Где лиризм, где утонченность, где, наконец, очищающая сила искусства, куда увело нас стремление быть, как все? Почему индивидуальности и лица, знающие, чего хотят, сегодня оттесняются и вызывают сердитое недовольство: странный, непонятный человек, до неудобства мешающий. Ладно — мешающий. А куда подеваешь стремление народа бережно сохранить свое национальное искусство? Ведь как оживляются люди, слушая балалайку, как добреют лица! Нужен, нужен возврат, движение народа к истинно народным инструментам. Но не к бездушному исполнительству. Происходит удивительная вещь: чем больше у нас исполнителей-лауреатов и молодых исполнителей, тем меньше желающих идти на концерты.

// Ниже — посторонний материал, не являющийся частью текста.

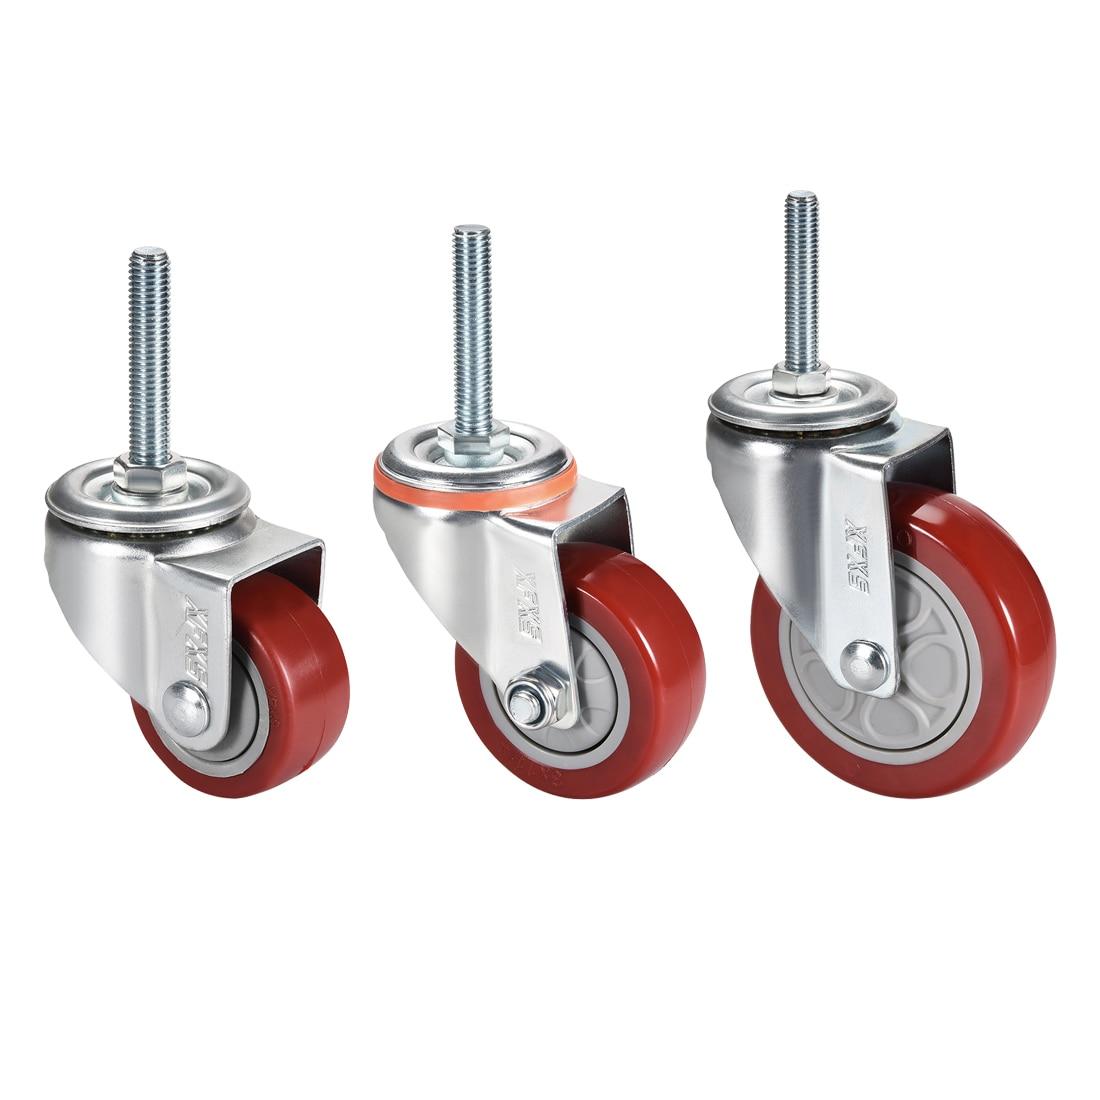 Rodízios rosqueados m12 x 60mm do plutônio da mobília da roda do rodízio do giro da roda do diâmetro de 5 polegadas de uxcell 1-4 pces 2.5 polegadas 3 polegadas

Академическое исполнительство, совершенная техника владения инструментами — все есть, а вот поди ж ты — не трогает.

Клепалов убежден — нет эмоциональной раскрепощенности, не будет и взаимопонимания со слушателем.

В своих размышлениях он постоянно возвращается к истокам народного творчества.

— Жалейку слыхивал? — приступала бабка, у которой заночевал после концерта. — А знашь, пошто жалейка-то? Не знашь? — она торжественно выпрямилась над столом, выставила вперед узловатый палец и медленно, словно диктуя, втолковывала: — Ране не кричали: люблю! Ране говорили: жалею тебя, жалости много было в людях. У меня первый мужик, убитый на гражданской, душевный был, жалеющий. Не гармонь и не че друго к руке припало, а вот жалейка, парень, само то, по нему была. Уж как выведет, пал бы да уревелся, сам не знашь почто, душу эдак вывернет да как сквозняком обчистит. Седет на порог-от, наробится, глядит на меня да играт. А оно и вправду, как бабенка там внутре жалейки сидит да разными голосами причитает, то выше, то ниже. Наломаешься, наробишься, а эдак вот посидишь, послушаешь, дак и жизнь окажет солнышко, хоть и тьма-тьмушка за окошком. Пошто хоть все упадат-то теперь? Робить робят, а чтоб в избе какой вечером че заиграло — не слыхивала. В яшшик пелятся, и все!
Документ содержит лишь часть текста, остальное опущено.